Core Concepts
Tokenization is a necessary step in designing state-of-the-art language models, and this paper provides a theoretical analysis of its role in enabling transformers to model complex data distributions.
Abstract
The paper investigates tokenization from a theoretical perspective by studying the behavior of transformers on simple data generating processes, such as kth-order Markov processes. The key findings are:
In the absence of tokenization, transformers trained on data drawn from certain simple kth-order Markov processes empirically fail to learn the right distribution and predict characters according to a unigram model, even under a wide variety of hyperparameter choices.
With the addition of tokenization, transformers are able to model the probabilities of sequences drawn from the source near-optimally, achieving small cross-entropy loss. This is observed with a multitude of tokenizers used commonly in practice, such as BPE and LZW.
The paper analyzes a toy tokenizer that adds all length-k sequences into the dictionary, and shows that as the dictionary size grows, unigram models trained on the tokens get better at modeling the probabilities of sequences drawn from Markov sources. It then proves that tokenizers used in practice, such as LZW and a variant of BPE, also satisfy this property but require much smaller dictionaries to achieve any target cross-entropy loss.

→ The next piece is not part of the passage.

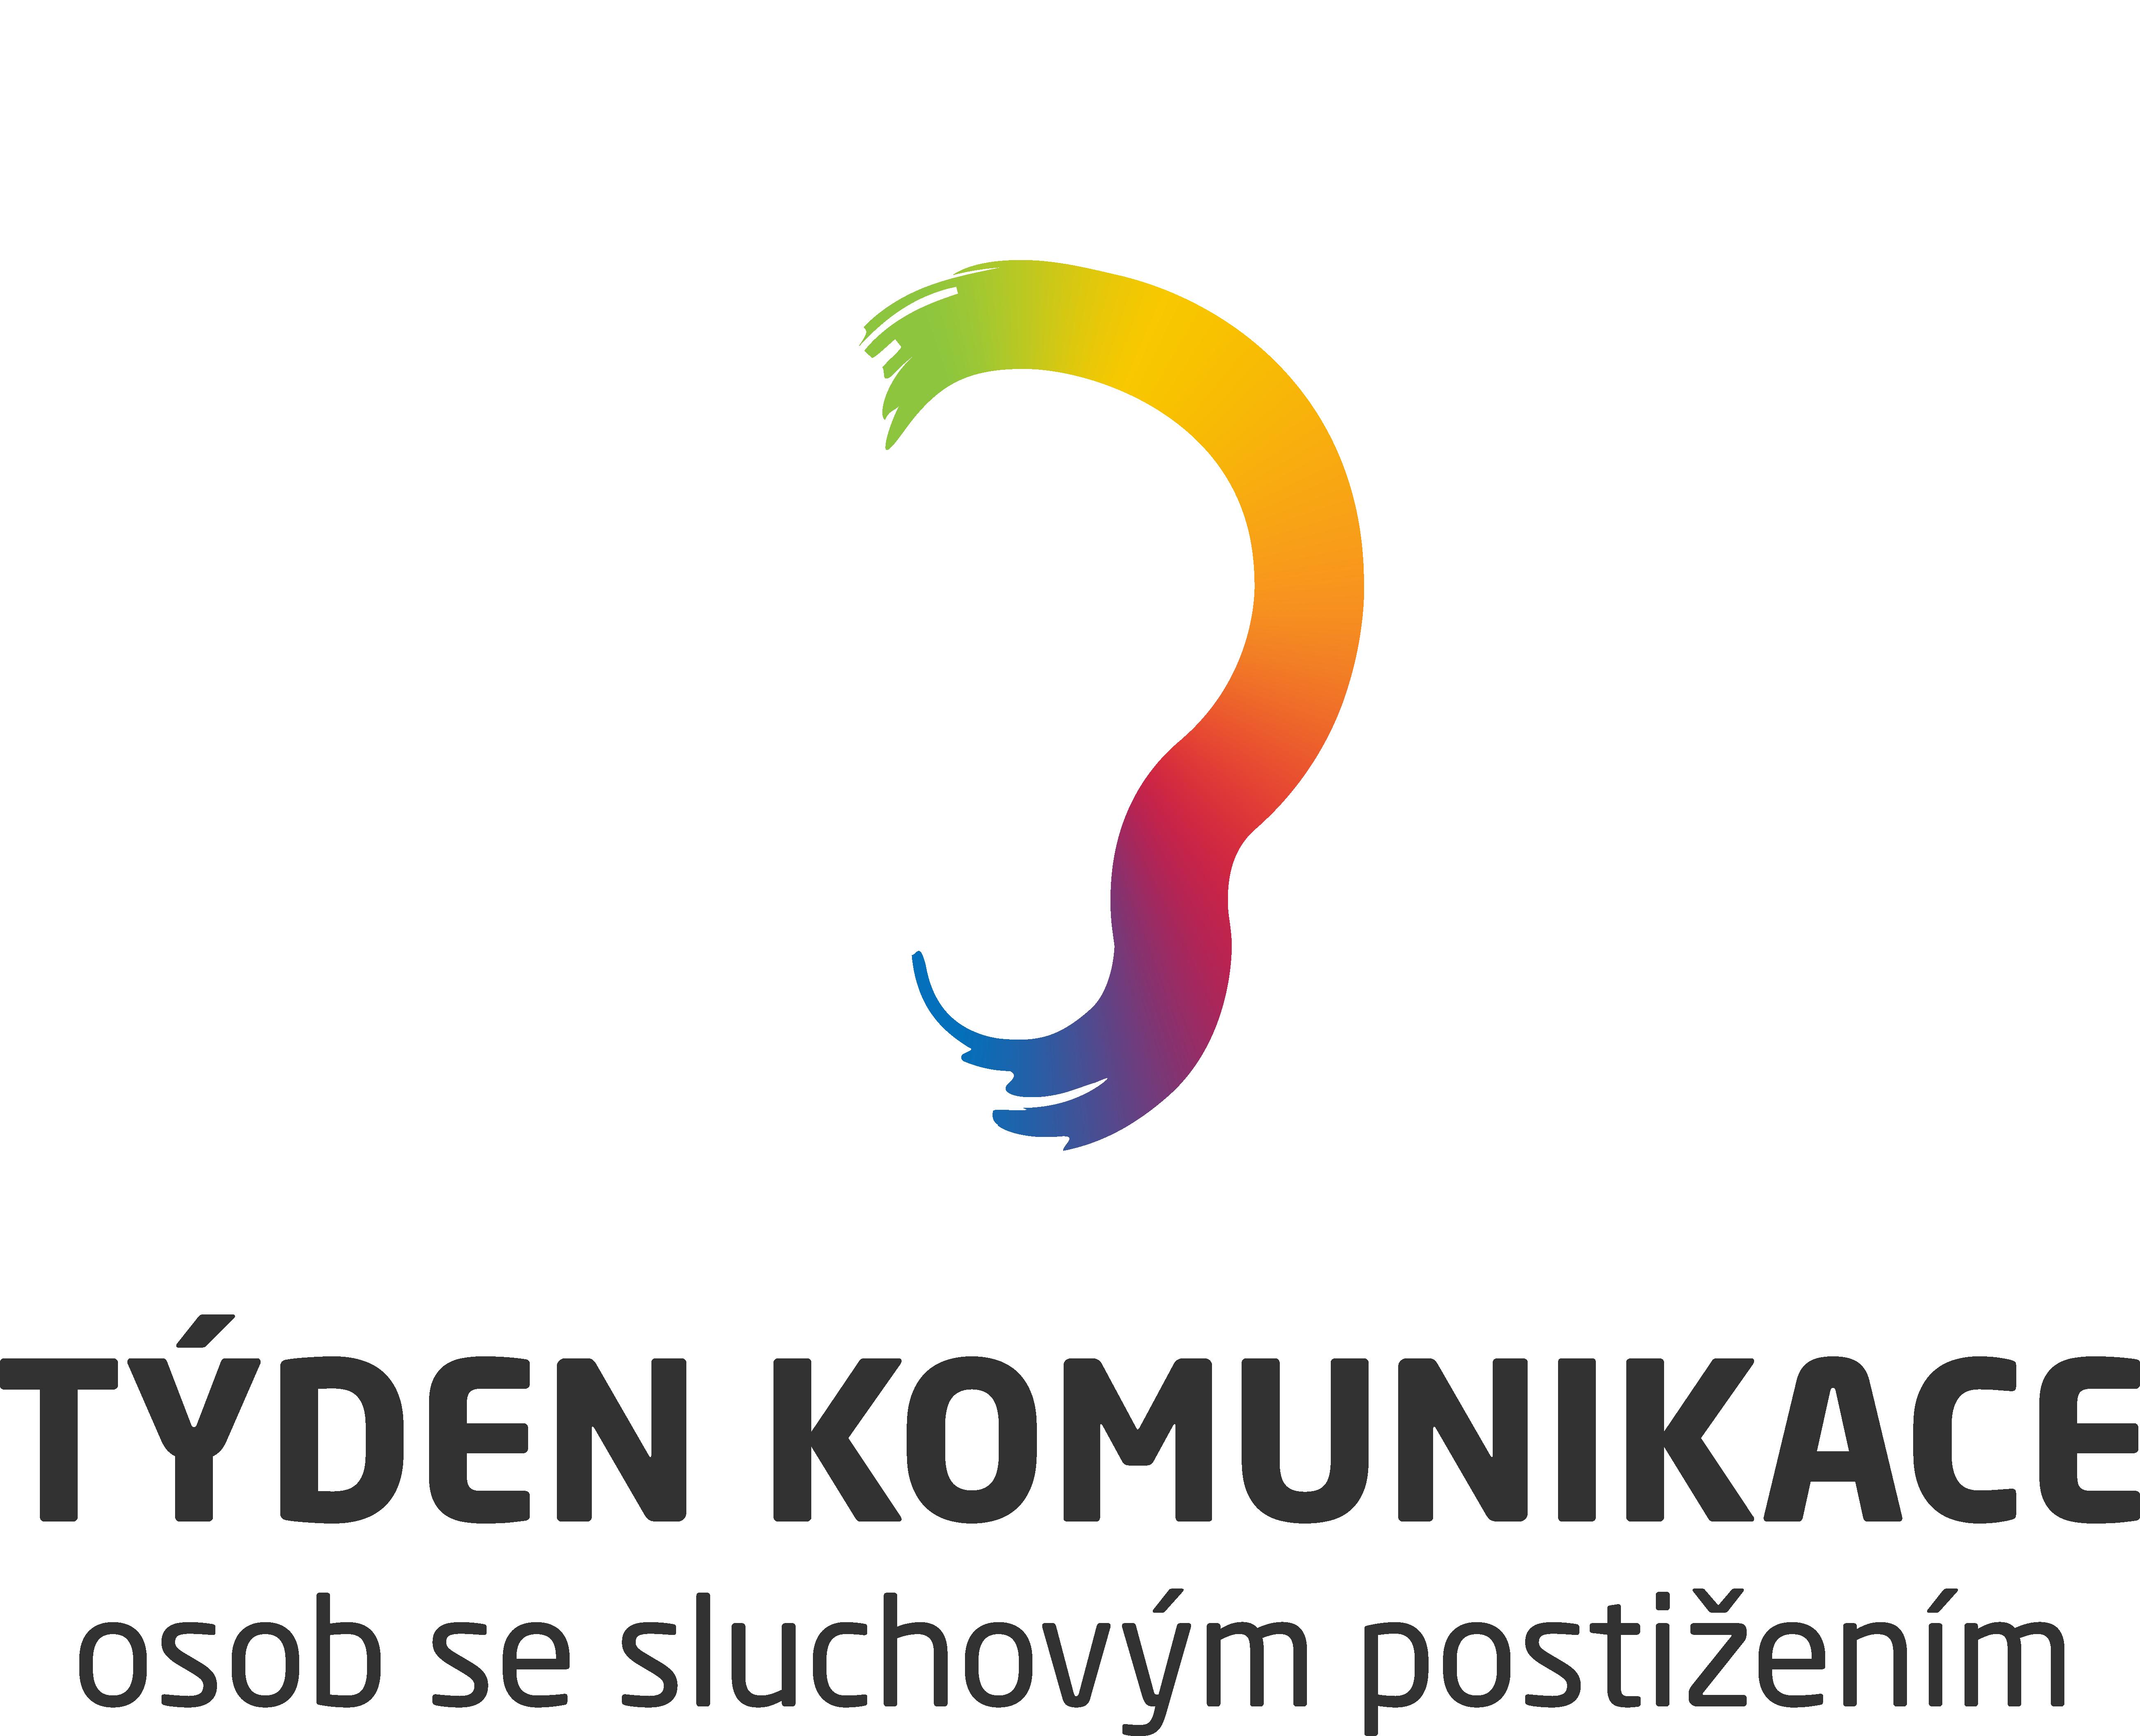 Týden komunikace logo

The paper also discusses the importance of generalization, where tokenizers need to perform well on new sequences that were not in the training data. It shows that there exist tokenizers that generalize poorly, and that the choice of encoding algorithm can also affect generalization.
Stats
The cross-entropy loss of the best unigram model can be much higher than the optimal cross-entropy loss for kth-order Markov processes, with the gap scaling exponentially in 1/δ, where δ is the minimum transition probability.
The size of the dictionary required by the toy tokenizer to achieve a target cross-entropy loss scales exponentially in 1/δ.
Quotes
"There are very simple kth-order Markov processes such that in the absence of any tokenization, transformers trained on data drawn this source are empirically observed to predict characters according to the stationary distribution of the source under a wide variety of hyperparameter choices."
"When trained with tokenization, transformers are empirically observed to break through this barrier and are able to capture the probability of sequences under the Markov distribution near-optimally."